Here is a square with just the frame from Dancing Pirate Octopodes:
It’s a simple JPG – shown above at full size. Right click on it and save the image. Then attack it with any graphics program, or print it out and doodle on the hard copy. Work up your own filling(s)! Be creative! Run amok! Just one request – this is not an adult-rated site.
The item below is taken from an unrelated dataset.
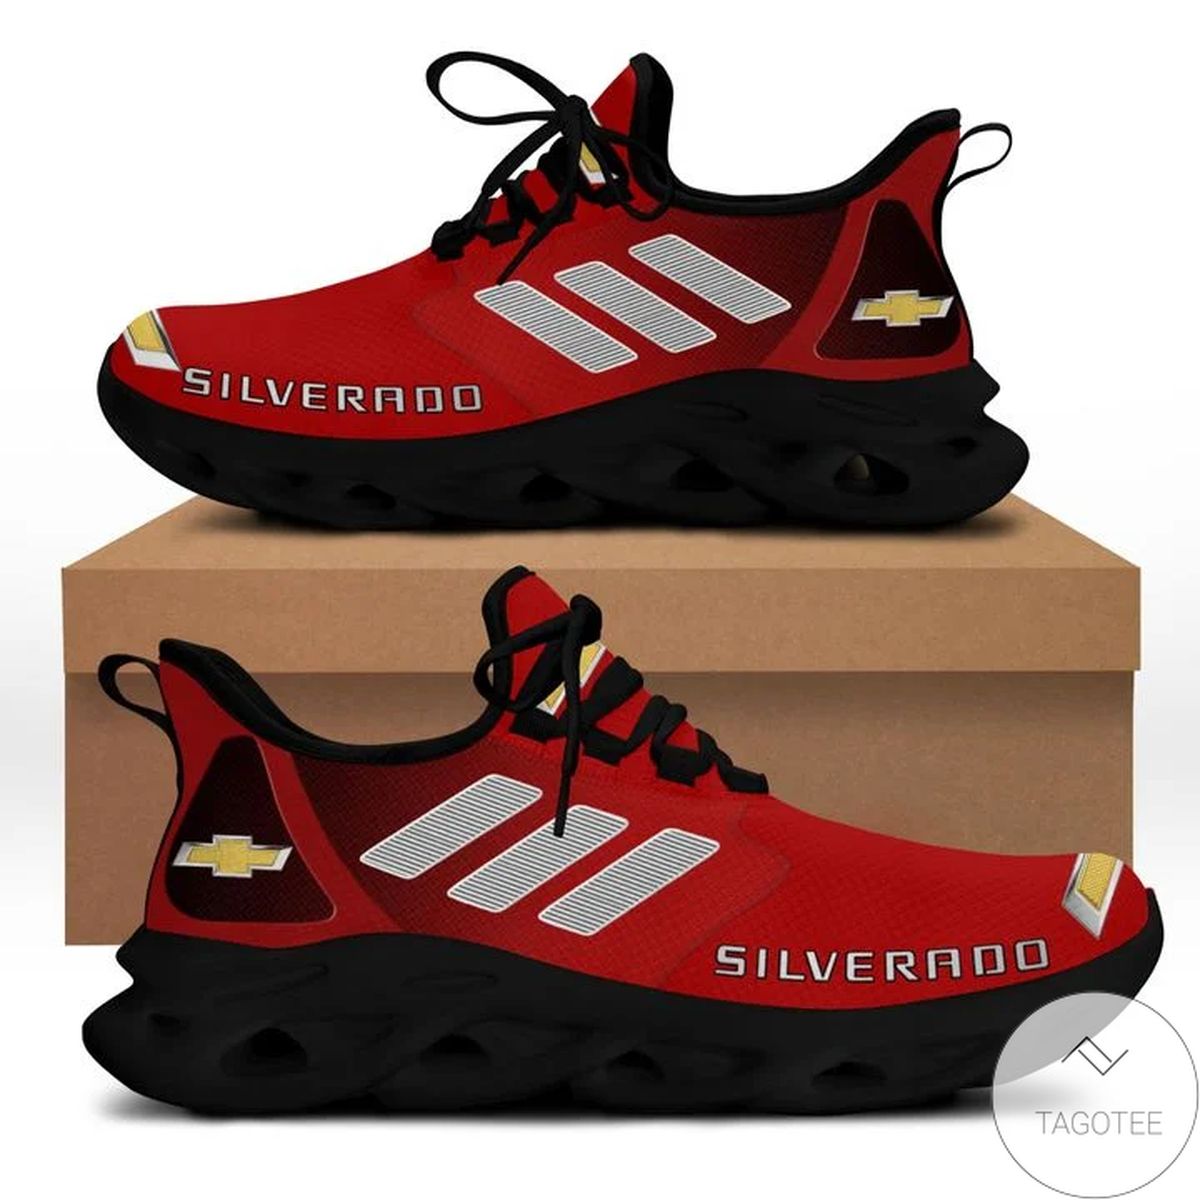 Silverado Red Max Soul Shoes

Please keep your designs family-friendly. (I reserve the right to do light editorial selection, if need be.)
When you’re done, eMail the file, or transcription of the thing, or a scan or photo of your design to me by 10 July at the gmail address listed in this post . I’ll assemble all submissions in one big layout, and share the results back here as quickly as I can. (If you’d like me to withhold your name rather than be credited on String, I’ll be happy to do so.)
This isn’t a contest – I’ve got no prizes to give away. But I think it will be lots of fun to see what everyone comes up with. So fire up your drawing program or sharpen your pencil. Let’s see what our stitching crowd can devise!
Again, thanks to Hannah, the gang at Total Insanity, others at various Yahoo needlework discussion groups, and all other posters and email respondents for their welcome and acceptance of EnsAtl. Special thanks to Kimiko for making my day with her project. Thanks to Rachel for the idea of making more fills for DPO. And thanks in advance to everyone who will take a moment to share their own creativity for the joy of participating, and glory of their needle.